Learn.summary won’t work since there is a runtime error.

But you should be able to see the inputs and outputs and then dwelve into the code to check. This is just a suggestion.

Good morning catanza hope you are having a wonderful day.

I am receiving the exact error!

I use the following to repositories at the start of my notebook as this is what, has worked for me.

https://raw.githubusercontent.com/WittmannF/course-v4/master/utils/colab_utils.py

from colab_utils import setup_fastai_colab setup_fastai_colab()

I had to install !pip install sentencepiece this morning and have had the error since then, it is my first attempt at NLP so am a little stuck :confused:.

Have you managed to find a resolution for this error?

Kind regards mrfabulous1 :grinning: :grinning:

HI jcatanza hope your having a Fun day!

I was trying to resolve this problem on another thread!

The above solution worked for me if you still have the issue!

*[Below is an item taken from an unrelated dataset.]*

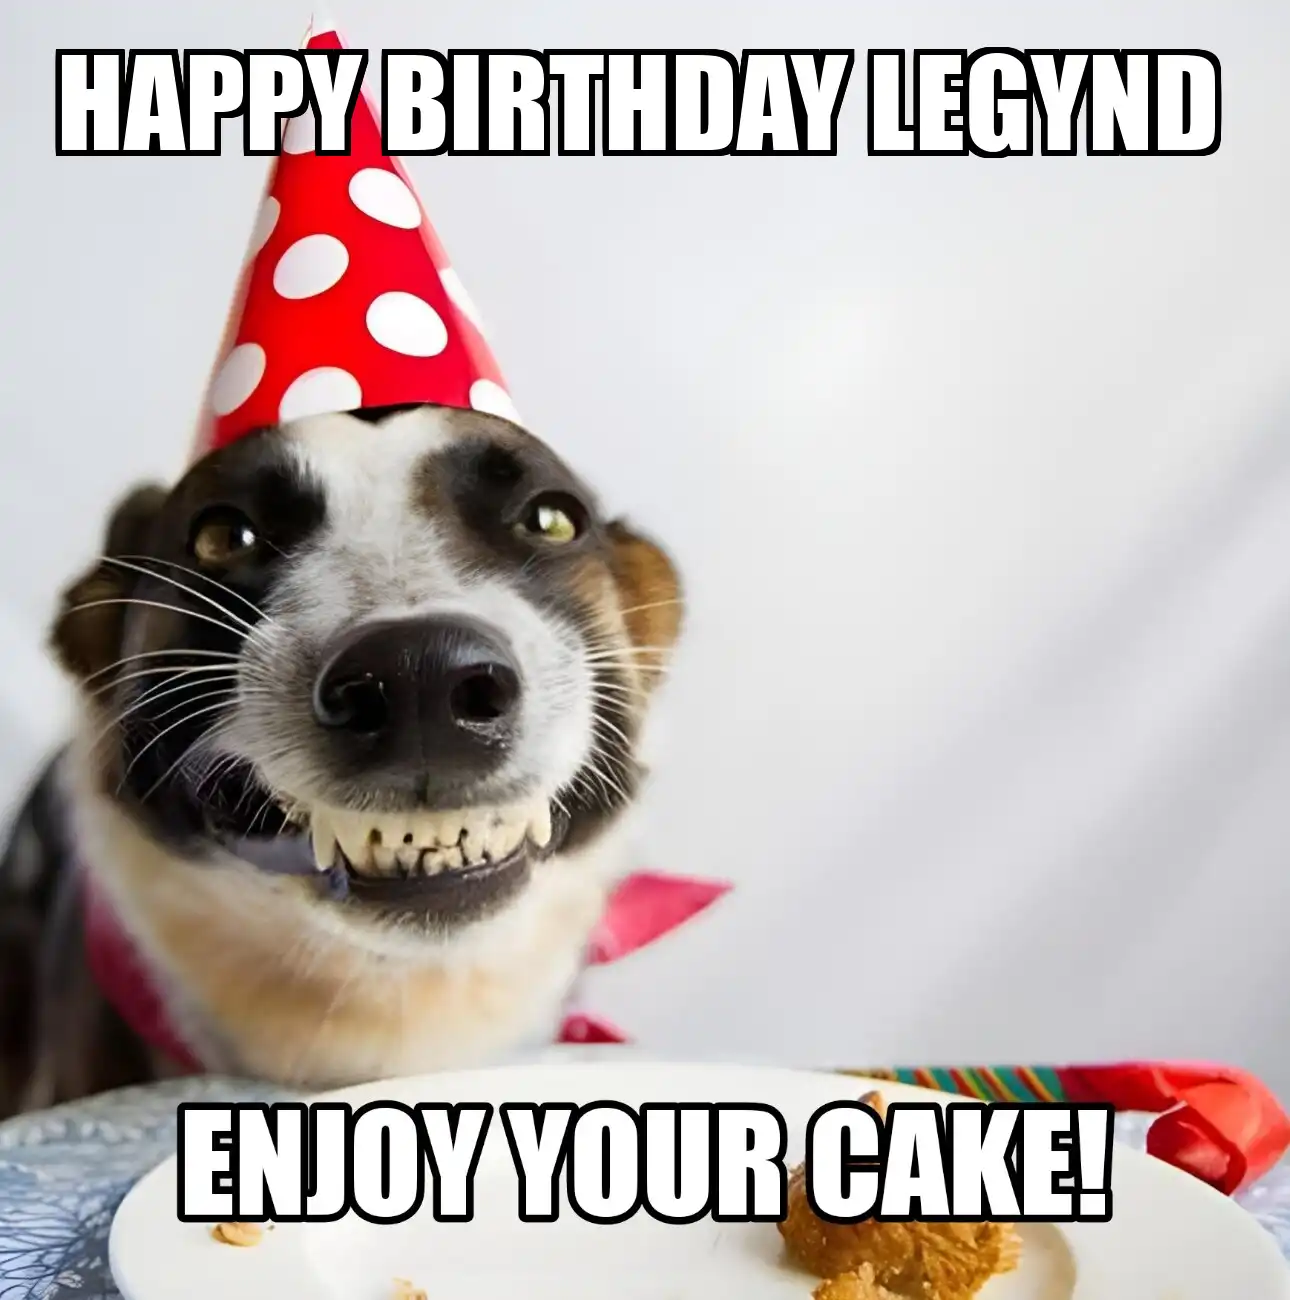 Happy Birthday Legynd Enjoy Your Cake Dog Meme

Cheers mrfabulous! :grinning: :grinning:

1 Like

Thanks @mrfabulous1 I installed an earlier version of sentencepiece
% pip install sentencepiece==0.1.86, and now there is no problem.

2 Likes

@Salazar we’ll start next week May 26th Tuesday, 6-9pm PST. We will silently work on notebooks, then discuss as a group. You don’t have to complete anything in advance. URL to join next week’s meeting: https://meet.google.com/hgw-itjd-hep. Hope to see some of you there!

2 Likes

I am using paper space and I get the following error when running this line of code in notebook 10. I am not sure why it is looking for a pkl file.

dls_lm = DataBlock(
blocks=TextBlock.from_folder(path, is_lm=True),
get_items=get_imdb, splitter=RandomSplitter(0.1)
).dataloaders(path, path=path, bs=128, seq_len=80)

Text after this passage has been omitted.